Тоталитарные движения используют социализм и расизм, выхолащивая из них утилитарное содержание, интересы класса или нации. Форма безошибочного предсказания, в которой эти понятия были представлены, стала более важной, чем содержание.[753] Главной характеристикой вождя массы стала безграничная непогрешимость; он не мог совершить ошибку никогда. [754] Более того, предпосылка непогрешимости основывалась не столько на сверхинтеллекте вождя, сколько на правильной интерпретации сущностных сил в истории или природе, сил, ложность которых нельзя доказать ни их разрушением, ни поражением, так как им суждено утвердиться на долгой дистанции.[755] Властвуя, вожди озабочены исключительно тем, чтобы сделать свои предсказания истинными, а это делает ненужным все утилитарные рассуждения. В конце войны нацисты не брезгали использовать концентрированные силы своей, еще сохранившейся организации для возможно полного разрушения Германии. Этим они хотели оправдать свое предсказание, что немецкий народ погибнет в случае поражения.
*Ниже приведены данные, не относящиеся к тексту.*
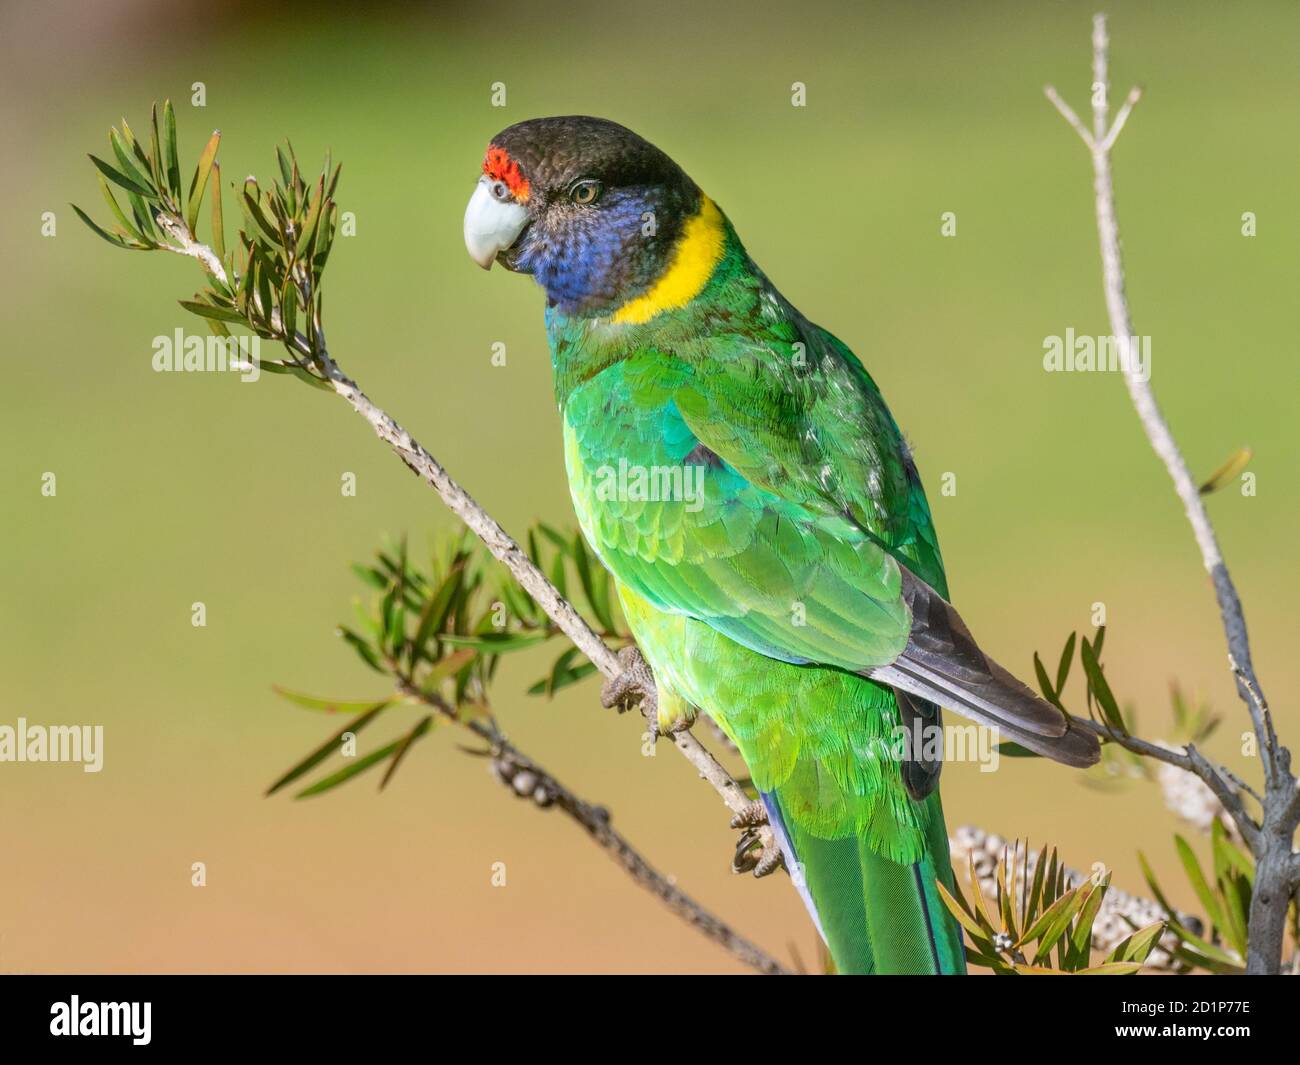 Un portrait d'un ringcou australien de la race occidentale, connu sous le nom de Parrot des vingt-huit, photographié dans une forêt du sud-ouest de l'Australie. Banque D'Images
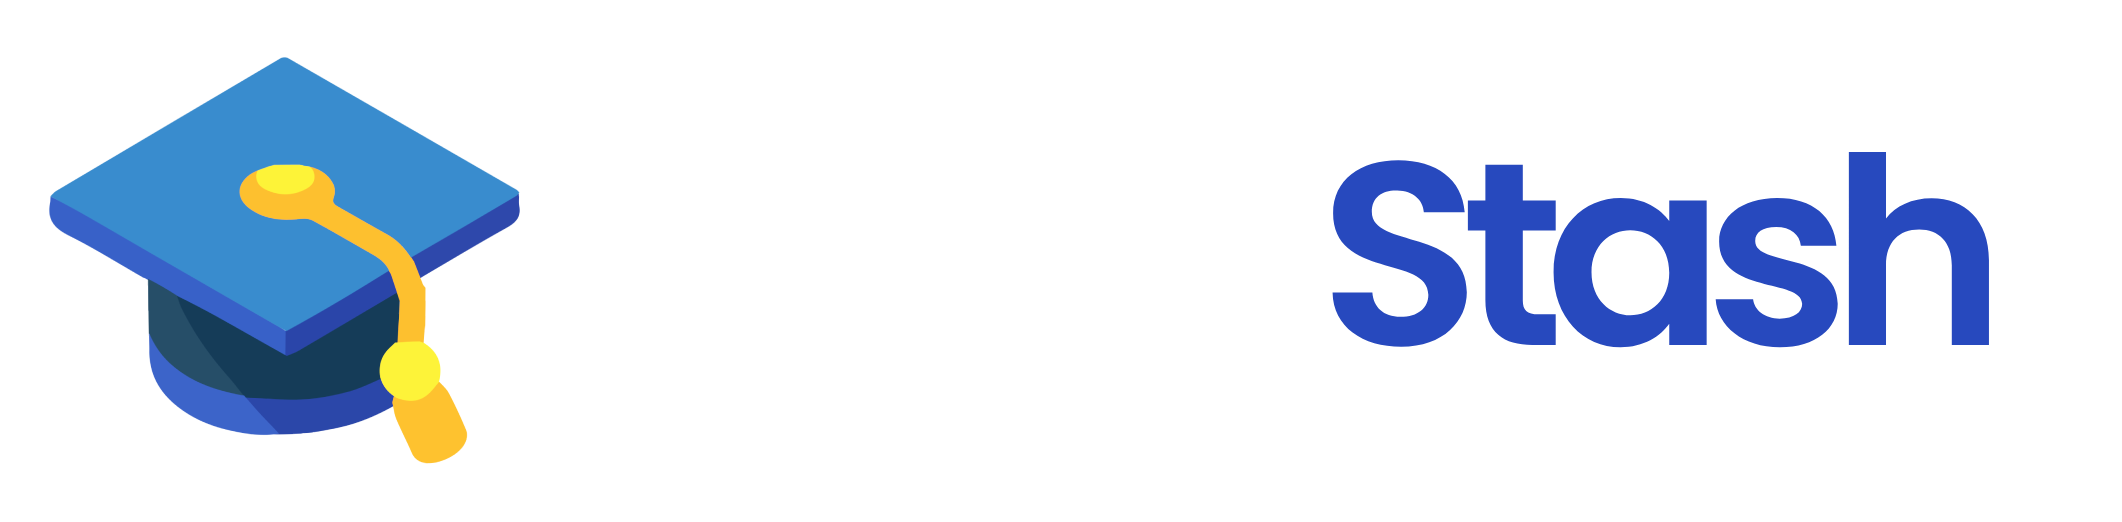 StudyStash Logo

Пропагандистский эффект догмата о непогрешимости, поразительный успех усвоенной роли простого истолкователя действия неких предсказуемых сил поощряли у тоталитарных диктаторов привычку провозглашать свои политические намерения в форме пророчества. Наиболее известным примером подобного рода является речь Гитлера перед рейхстагом в январе 1939 г.: «Сегодня я хочу в очередной раз сделать предсказание. В том случае, если еврейские финансисты… еще раз добьются успеха в вовлечении народов в мировую войну, результатом будет… уничтожение еврейской расы в Европе».[756] В переводе на нетоталитарный язык это означает: в мои намерения входит начать войну и ликвидировать евреев в Европе. Также и в случае со Сталиным. Сталин в 1930 г. (именно в этом году он подготовил физическое уничтожение как правых, так и левых внутрипартийных оппозиционеров) в своей известной речи перед ЦК Коммунистической партии[757]

описал их как представителей «умирающих классов».[758] Это определение не только говорит о специфической резкости этой речи, но и сообщает, в тоталитарном стиле, о физическом уничтожении тех, чье «умирание» уже было предопределено. В обоих примерах достигается один и тот же объективный результат: ликвидация является составной частью исторического процесса, в котором человек либо выполняет то, что, согласно непреложным законам, должно произойти, либо становится жертвой. Как только совершается наказание жертв, «пророчество» становится обращенным в прошлое алиби: не случилось ничего иного, кроме того, что было уже предсказано.[759] И не важно, означают ли «законы истории гибель» классов и их представителей, или «законы природы… искоренение» всех тех элементов, которые никак «не приспособлены к жизни» — демократов, евреев, восточных недочеловеков (Untermenschen), или неизлечимо больных. Не случайно, Гитлер также говорил об «умирающих классах» как о тех, которые должны быть «уничтожены без всяких сожалений».[760]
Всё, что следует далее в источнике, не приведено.